WHAT THE TASK REQUIRES: When you reach the line holding "Pots en terre cuite émaillée" in the material below, return that line and each one after it, word for word, with the pictures dropped.

SUPPLIED MATERIAL:
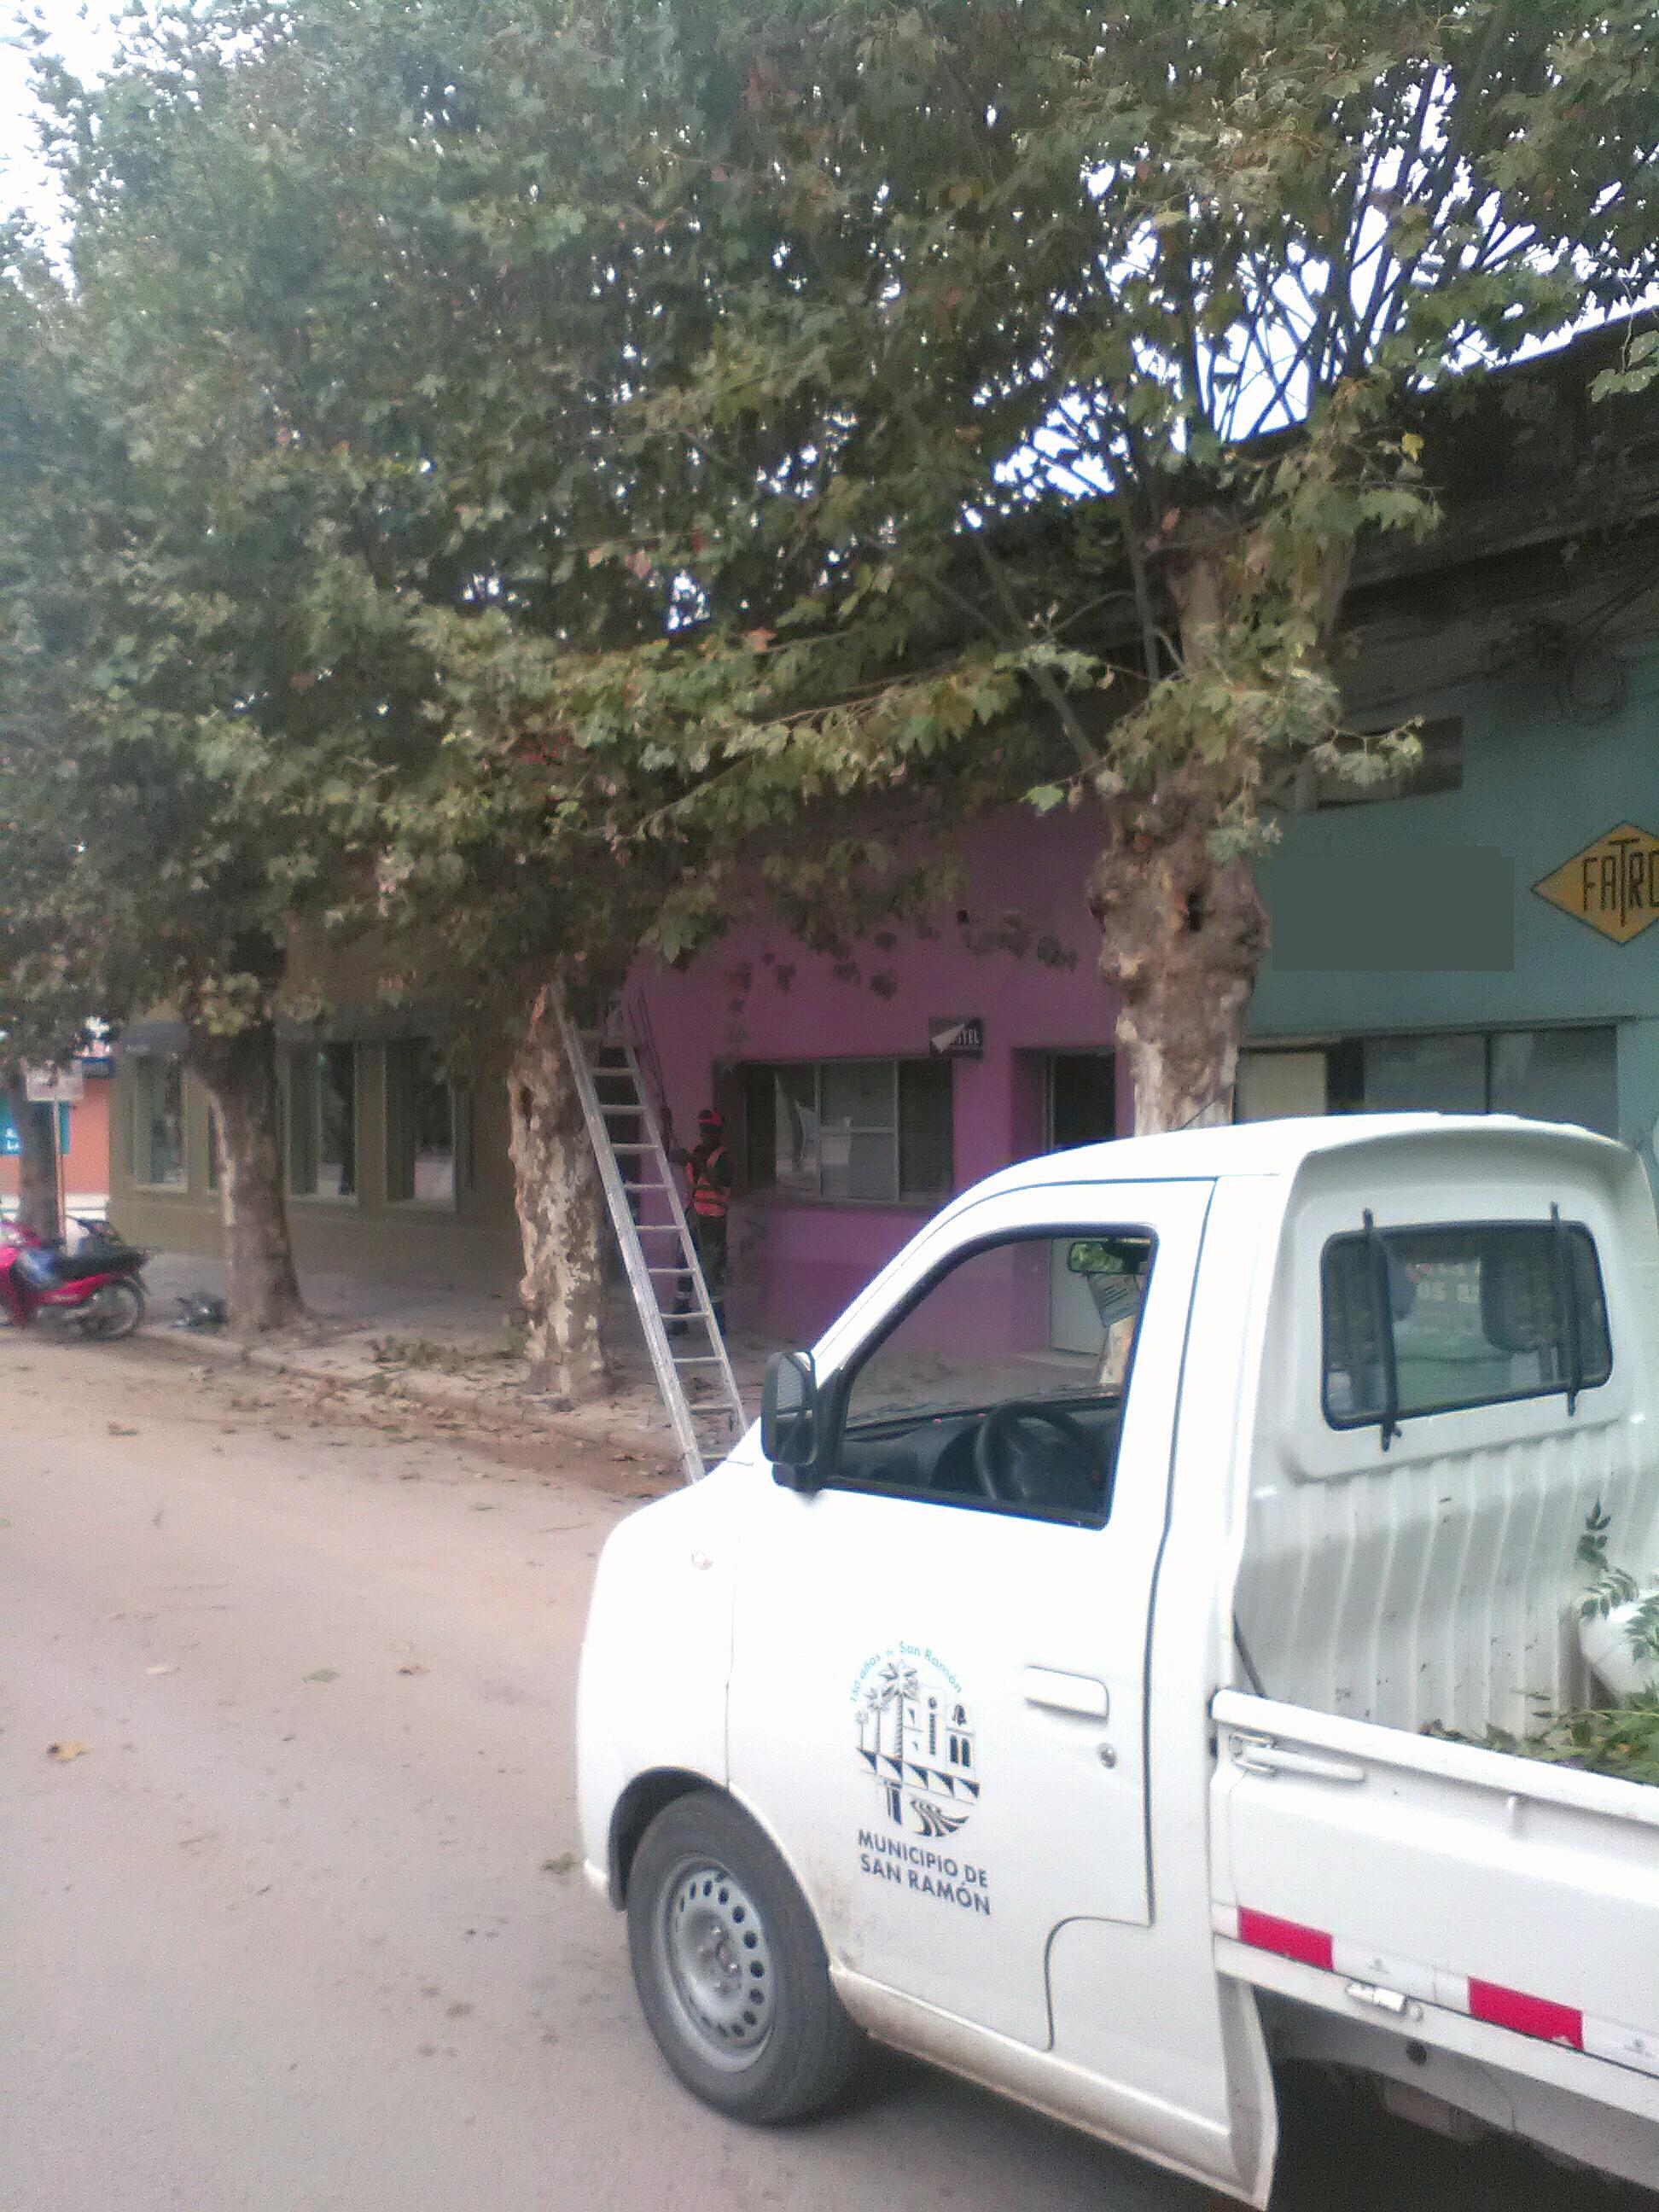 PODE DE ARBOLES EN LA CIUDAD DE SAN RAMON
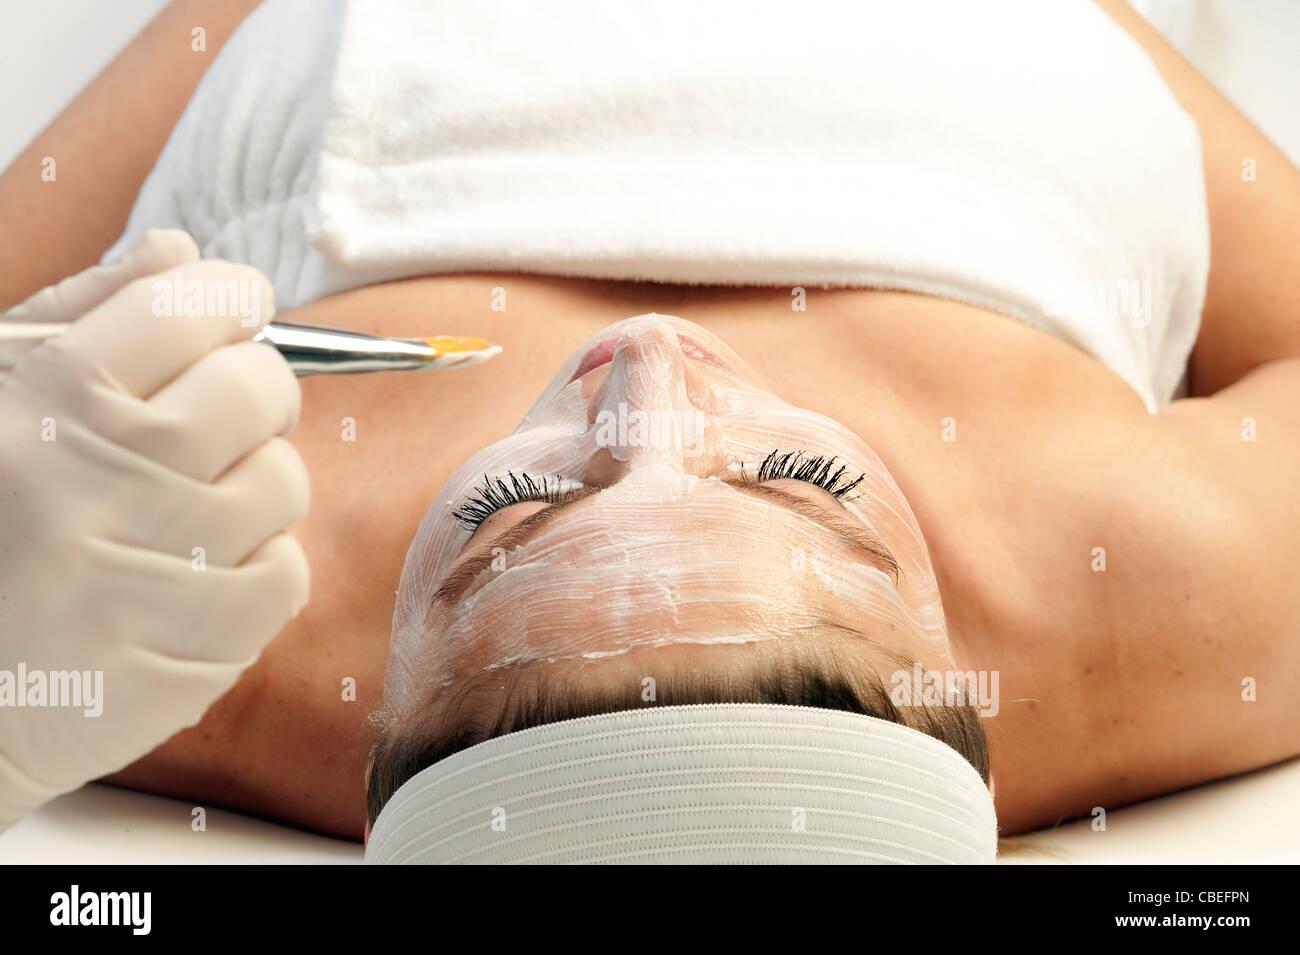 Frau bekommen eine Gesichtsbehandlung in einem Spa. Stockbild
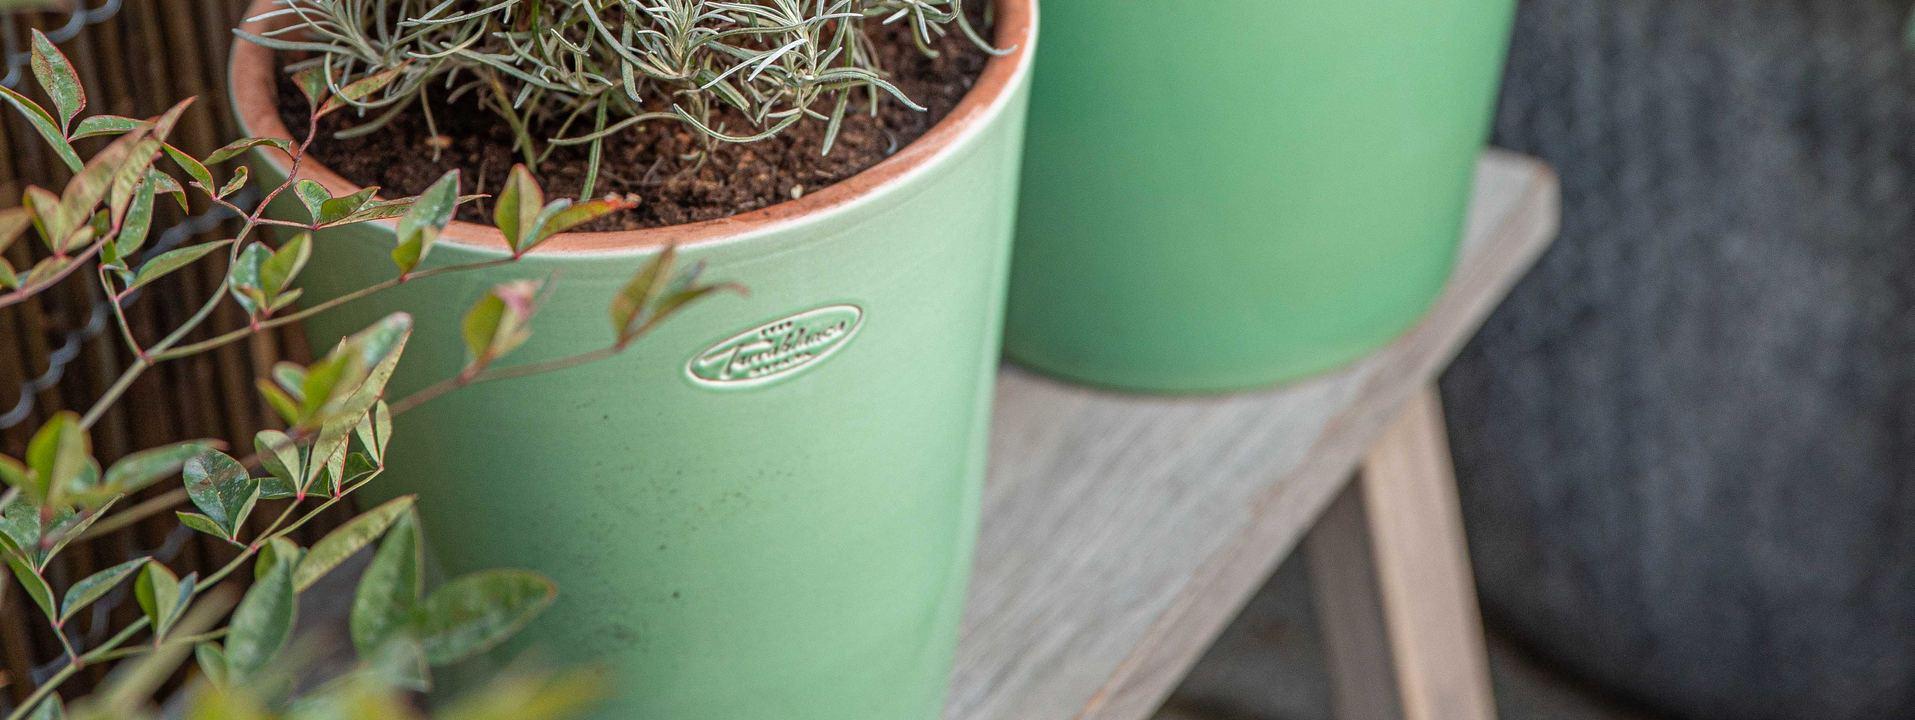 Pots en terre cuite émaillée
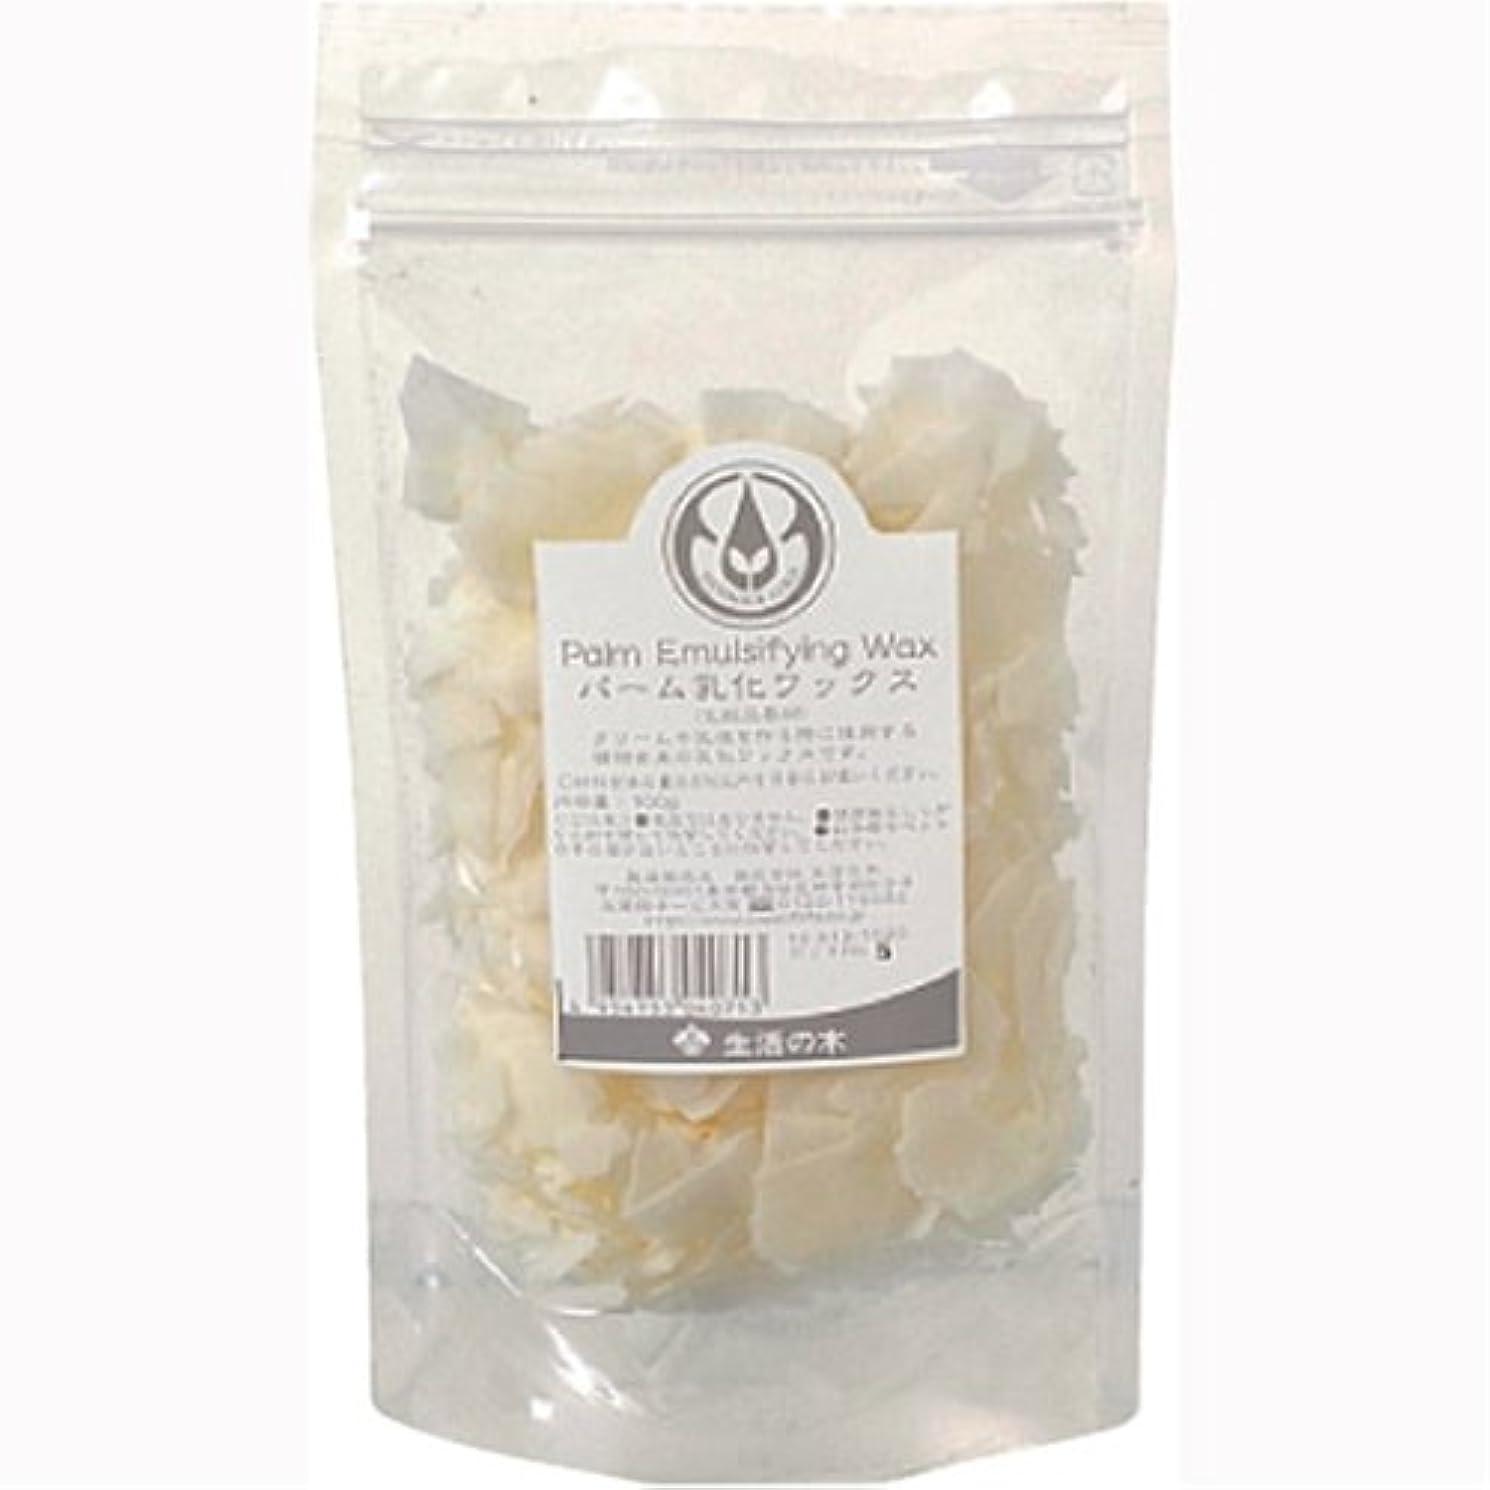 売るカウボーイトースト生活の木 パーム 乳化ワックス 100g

SOLUTION FOR THIS EXERCISE:
 Pots en terre cuite émaillée
 売るカウボーイトースト生活の木 パーム 乳化ワックス 100g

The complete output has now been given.